→ **YOUR ASSIGNMENT**
Could the listing below be returned exactly, with its pictures left out?

--- INFORMATION PROVIDED Enclosed Below ---

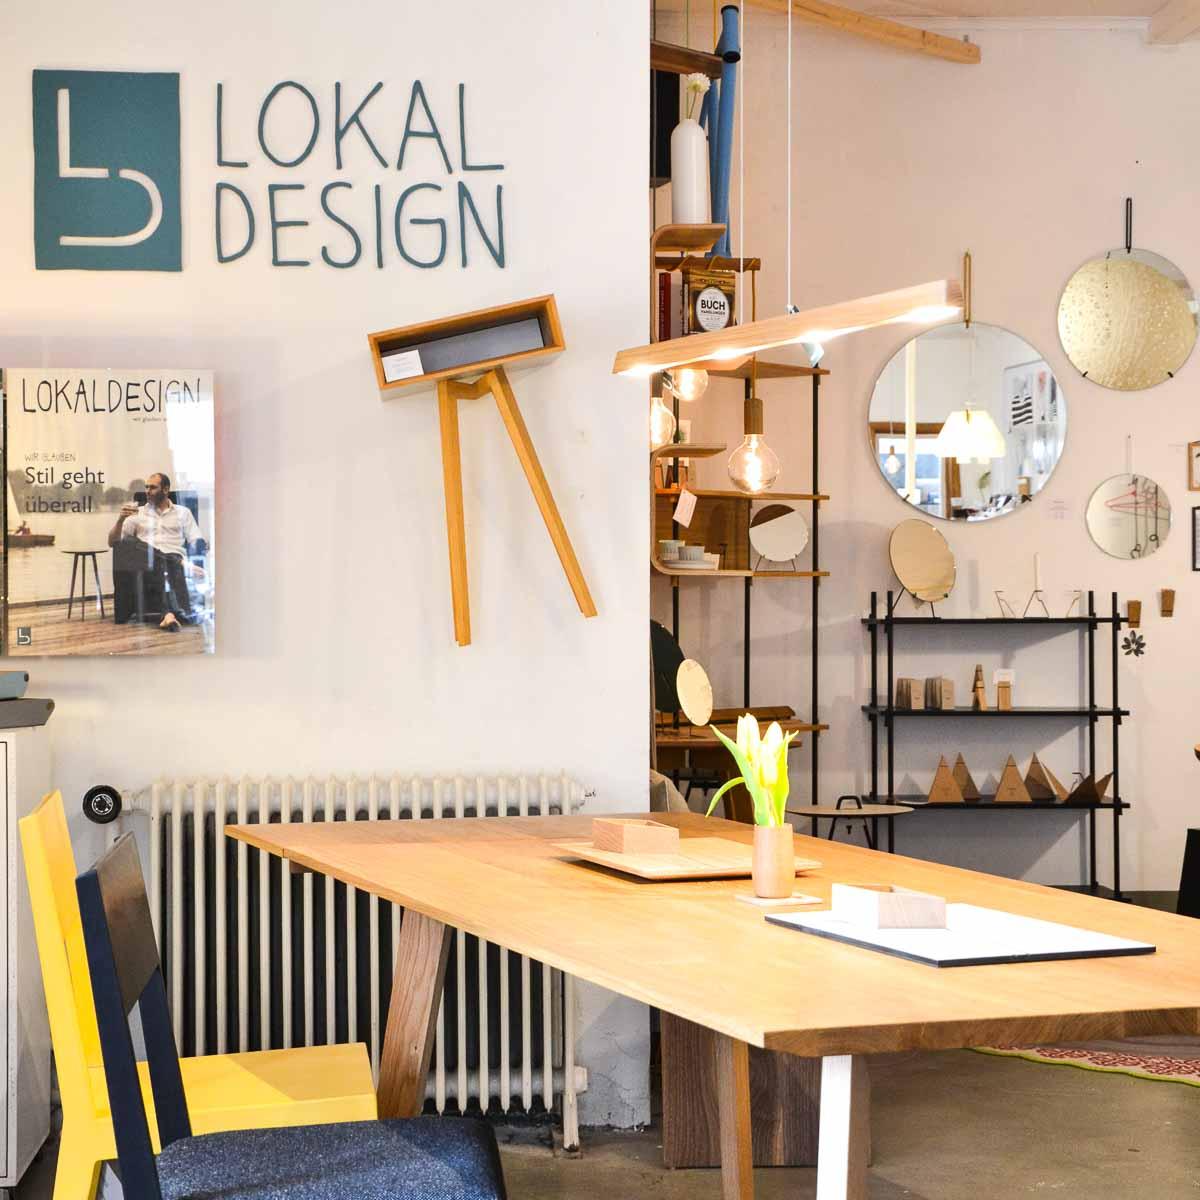 Concept Store Lokaldesign in Hamburg
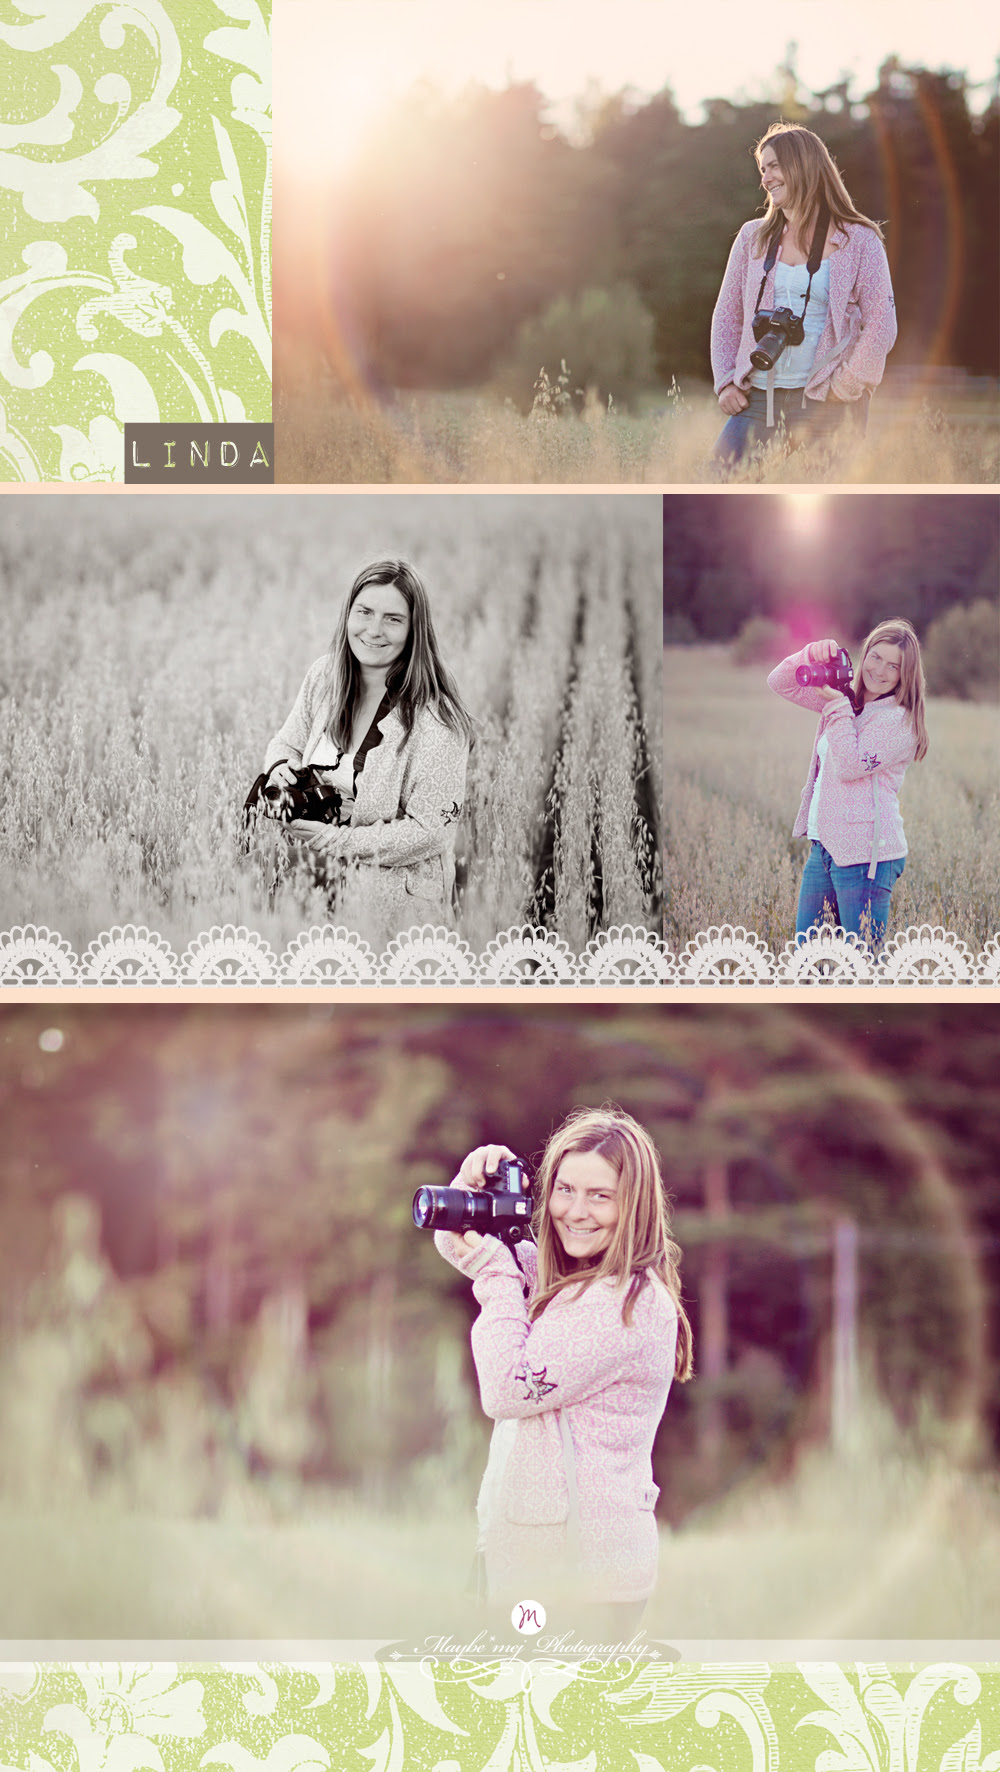 6-collage-linda
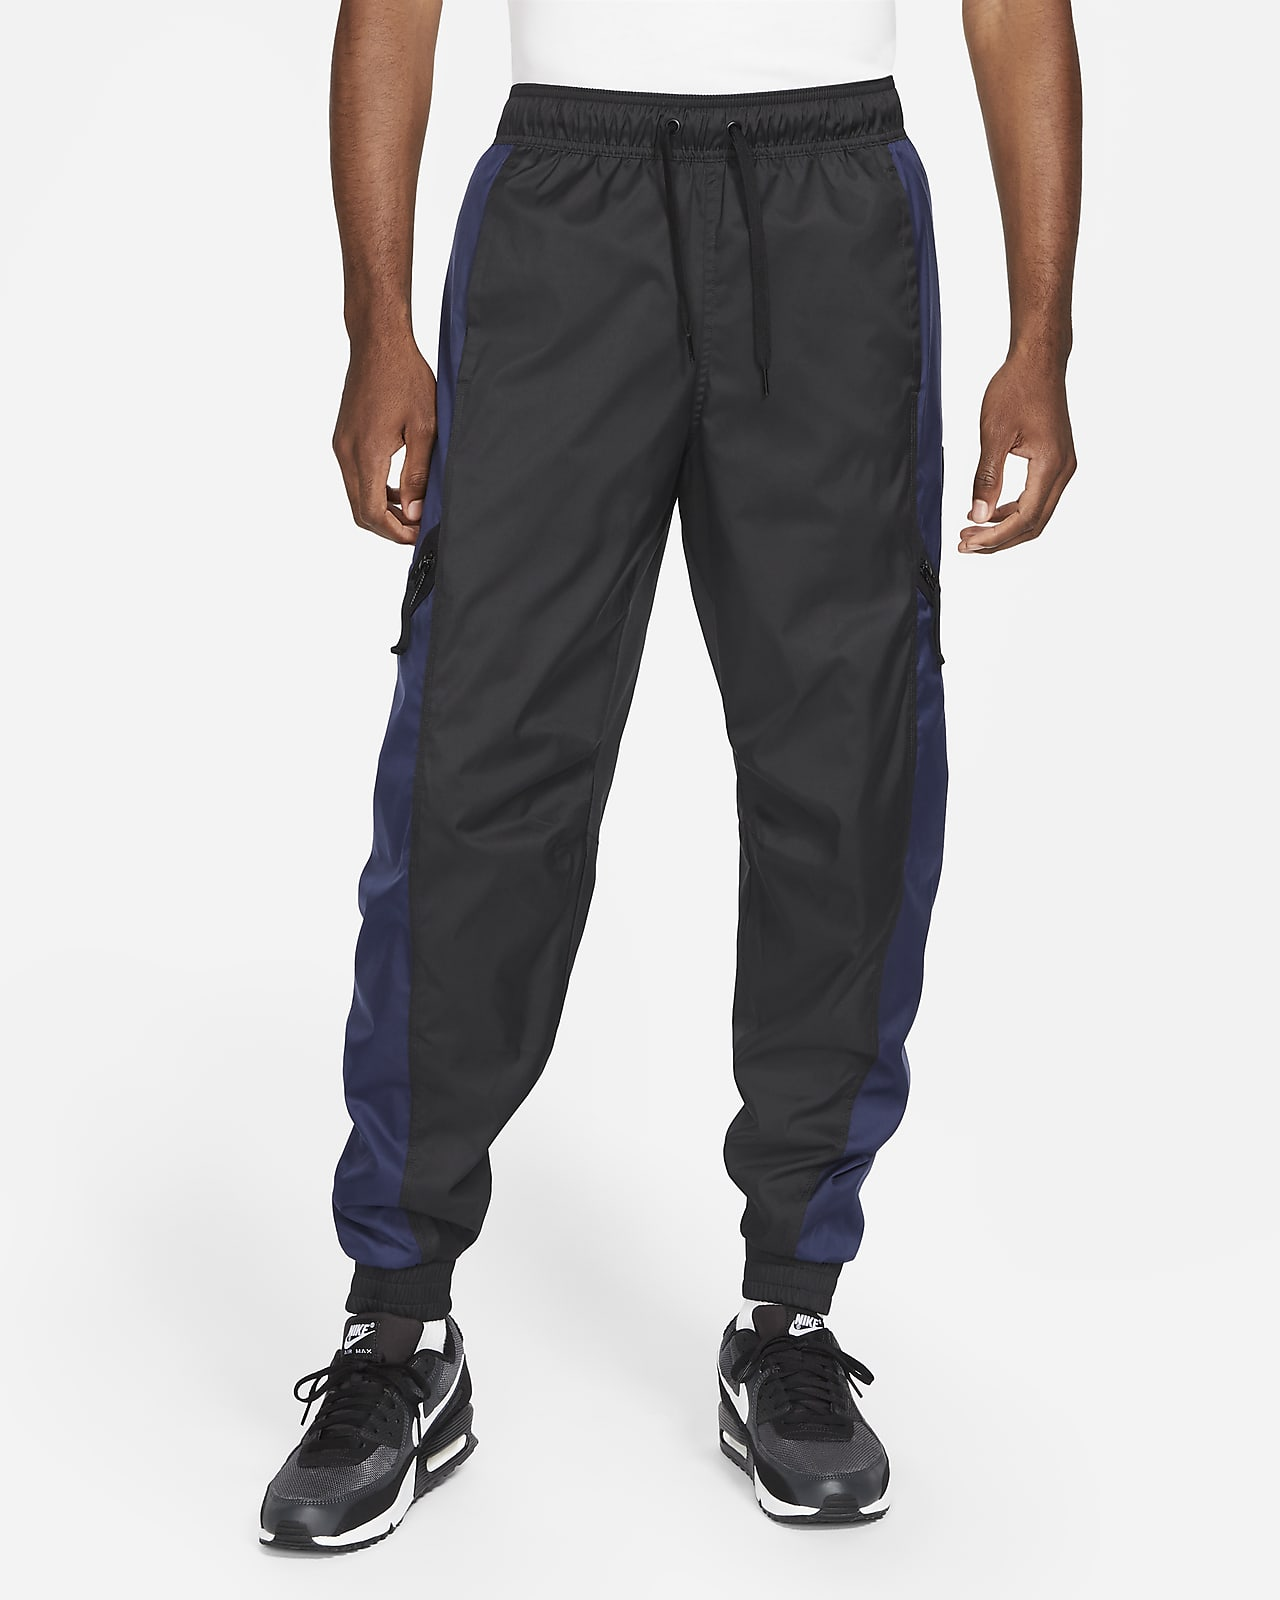 Nike Air Men's Woven Trousers

--- End of Enclosed INFORMATION PROVIDED ---

→ **RESULT**
 Concept Store Lokaldesign in Hamburg
 6-collage-linda
 Nike Air Men's Woven Trousers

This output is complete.